In recent years, in accordance with a rapid spread of information relevant apparatuses such as a personal computer, a video camera and a portable telephone, the development of a battery to be utilized as a power source thereof has been active. The development of a high-output and high-capacity battery for an electric automobile or a hybrid automobile has been advanced also in the automobile industry. A lithium ion battery has the advantage that energy density is high among various kinds of batteries.
Liquid electrolyte containing a flammable organic solvent is used for a presently commercialized lithium ion battery, so that a device for restraining temperature rise during a short circuit and a device for preventing the short circuit are necessary therefor. In contrast, a lithium solid state battery all-solidified by replacing the liquid electrolyte with a solid electrolyte layer intends the simplification of the safety device and is excellent in production cost and productivity for the reason that the flammable organic solvent is not used in the battery.
Various methods are known as a method for forming a solid electrolyte layer. In Patent Literature 1, a method for producing a sulfide-based solid state battery, in which sulfide-based solid electrolyte slurry containing a sulfide-based solid electrolyte, a binder and a fatty acid ester is prepared and coated on one electrode to form an electrolyte layer and laminate the other electrode on the electrolyte layer, is disclosed. Also, in Patent Literature 2, a blast method and an aerosol deposition method are exemplified as a method for forming an electrolyte with a membrane thickness of 500 μm or less, composed substantially of only a lithium ion conductive solid substance.

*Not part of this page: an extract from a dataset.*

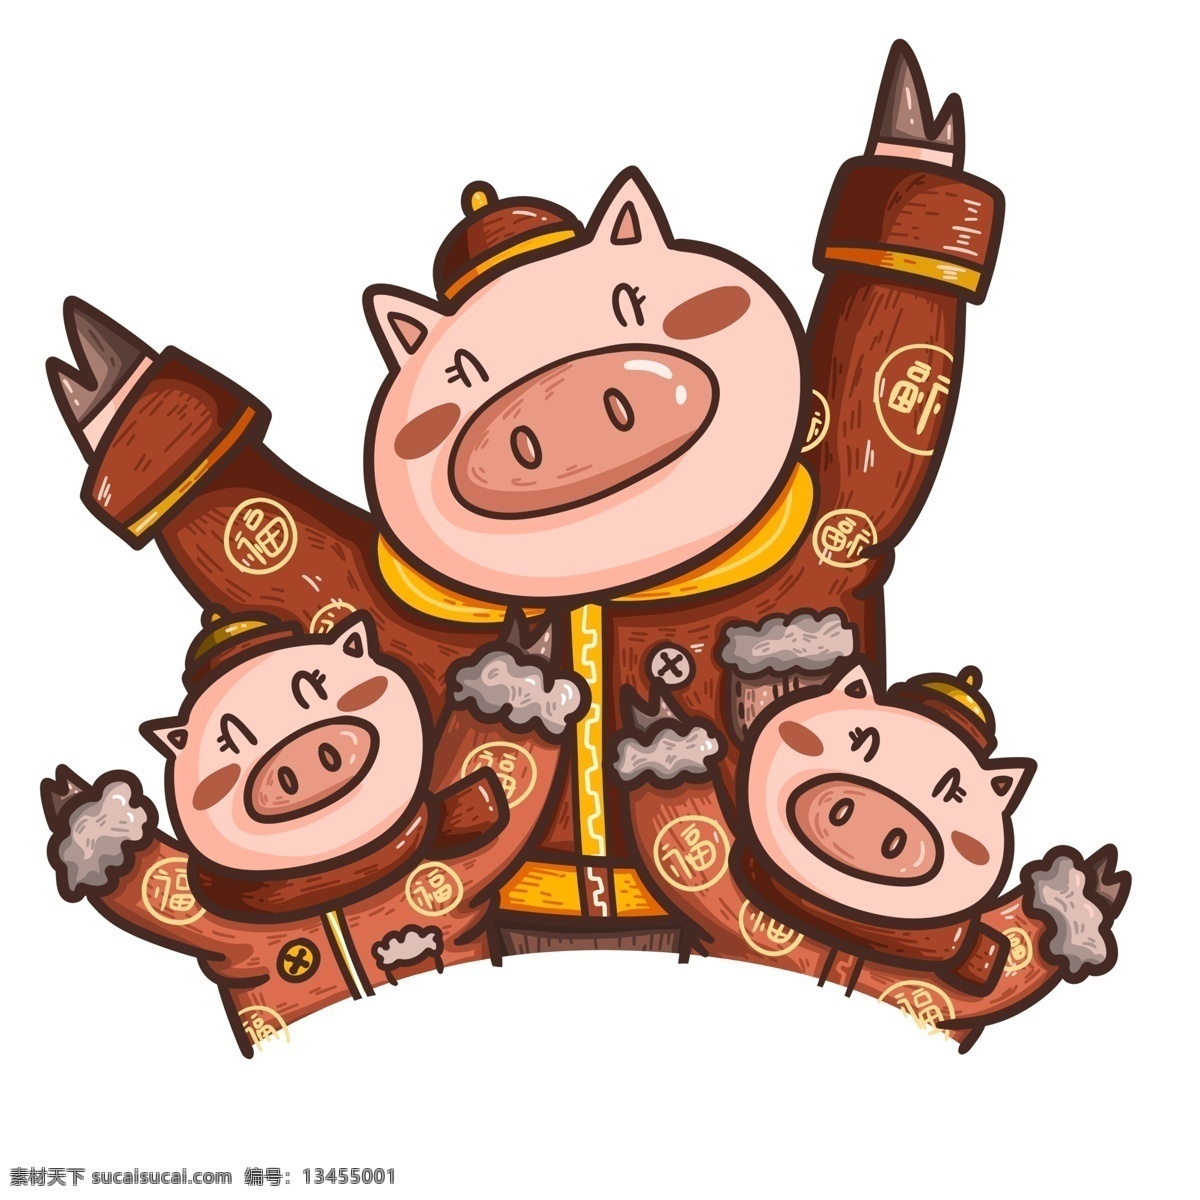 潮 漫 三 只 小 猪 拜年 卡通 插画 红色 喜庆 春节 潮漫 手绘 三只小猪 新春 新年 猪年 2019年 小猪形象 猪年形象

Also, in Patent Literature 3, a blast method, an aerosol deposition method, a cold spray method, a sputtering method, a vapor growth method and a thermal spraying method are exemplified as a method for forming a solid electrolyte layer. Also, in Patent Literature 4, a method for producing a nonaqueous electrolyte battery, in which a cathode body having an amorphous cathode side solid electrolyte layer on a cathode active material and an anode body having an amorphous anode side solid electrolyte layer on an anode active material layer are prepared and heat-treated while superposing the cathode side solid electrolyte layer and the anode side solid electrolyte layer so as to contact with each other, and bonded by crystallizing the cathode side solid electrolyte layer and the anode side solid electrolyte layer, is disclosed. Incidentally, in Patent Literature 4, a vacuum deposition method, a sputtering method, an ion plating method and a laser ablation method are disclosed as a method for forming the cathode side solid electrolyte layer (PSE layer).